In Nigeria, A Market Braves Militant Attacks

From The Wall Street Journal

Business is bustling at one of the most frequently bombed shopping centers on Earth.

Monday Market has been hit at least four times in the past 12 months, officials say, leaving scores dead. Even security guards, herding customers through metal detectors at the market’s gate, struggle to remember how many times they have seen a suicide bomber sprint past them. Many of the attackers were young girls, they say.

Here in a nation plagued by terrorism—in the city that has borne the brunt of the militant group Boko Haram’s six-year-long jihad—this outdoor commercial plaza is the place that has been struck the most.

On Thursday, soldiers swept Monday Market on intelligence reports that 20 bombs had been placed across the city. If that is true, bomb squads haven’t found them. The day before, three blasts in two markets in neighboring cities killed 46 people.

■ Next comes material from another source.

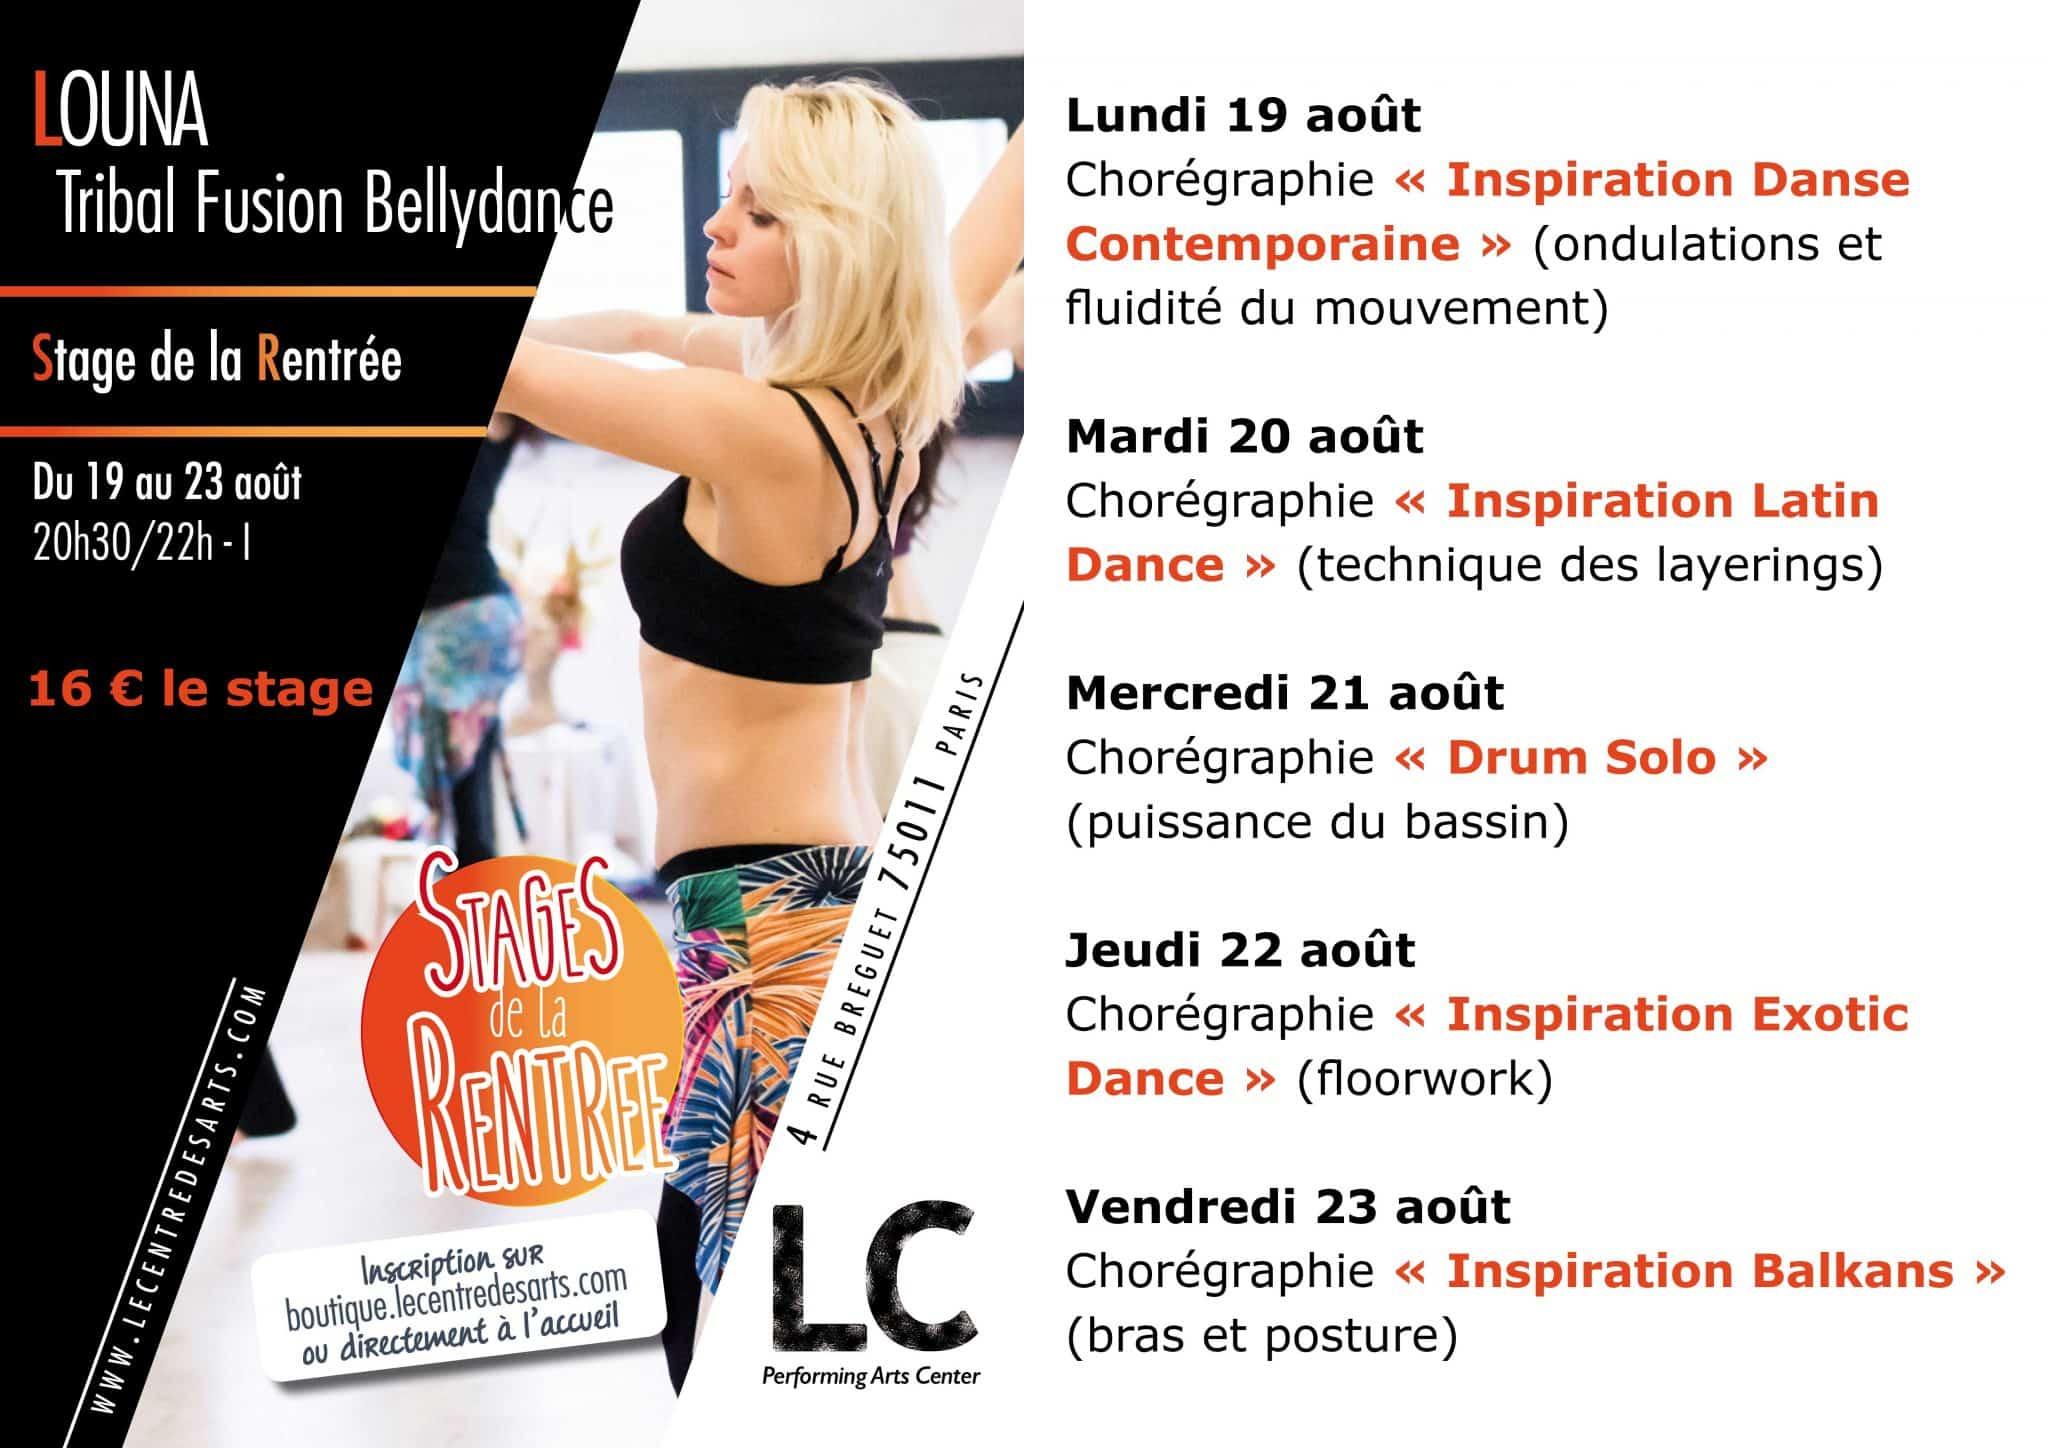 Affiche stages de la rentrée Louna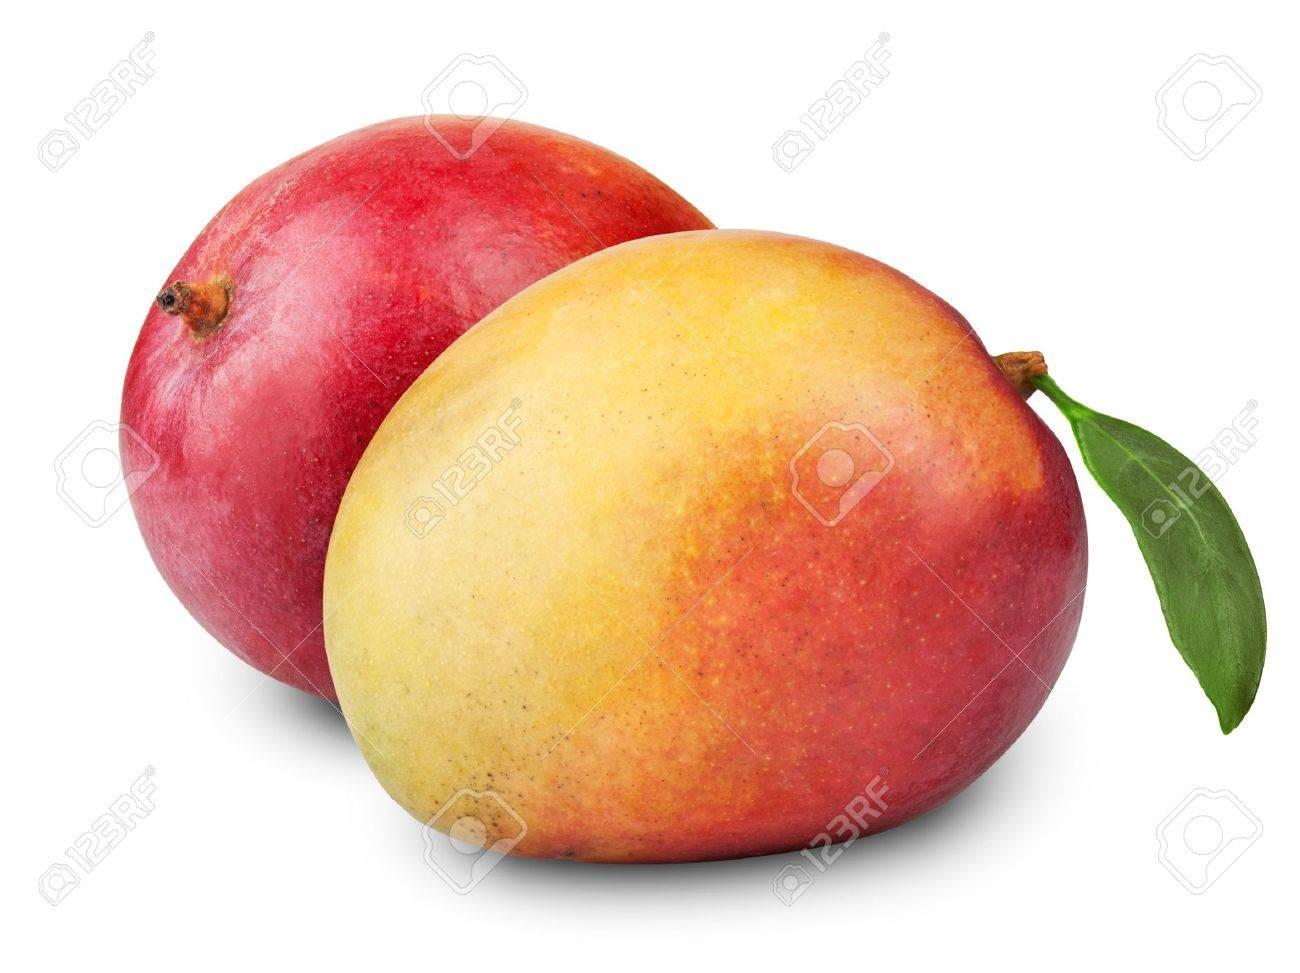 mango fruit on white background - 16904853

More news of violence in the wider region came Friday, as soldiers in Mali’s capital shot their way into a hotel, liberating dozens of hostages after a siege by gunmen that officials said killed 27 people.

Despite the ceaseless attacks in Maiduguri, resolute shoppers are pouring back into their market, driving hard bargains and helping to resuscitate one of the world’s most moribund local economies. Encouraged by volunteers checking bags and burqas—and forced by necessity—they come to buy fresh fruit, cellphones and a host of other goods.

Their return signals how people here are powering ahead +with their lives in defiance of Boko Haram’s threat.

“I want to make a vegetable soup,” said Blessing Tunu, a 35-year-old who said she wasn’t going to let Boko Haram prevent her from accomplishing that aim. “I’m scared. But what can you do?”

Juliet Emmanuel, a shopper picking up some baby food for the infant son tied to her back, also struck a note of resistance. “Boko Haram terrorists cannot stop me from coming to the market,” she said.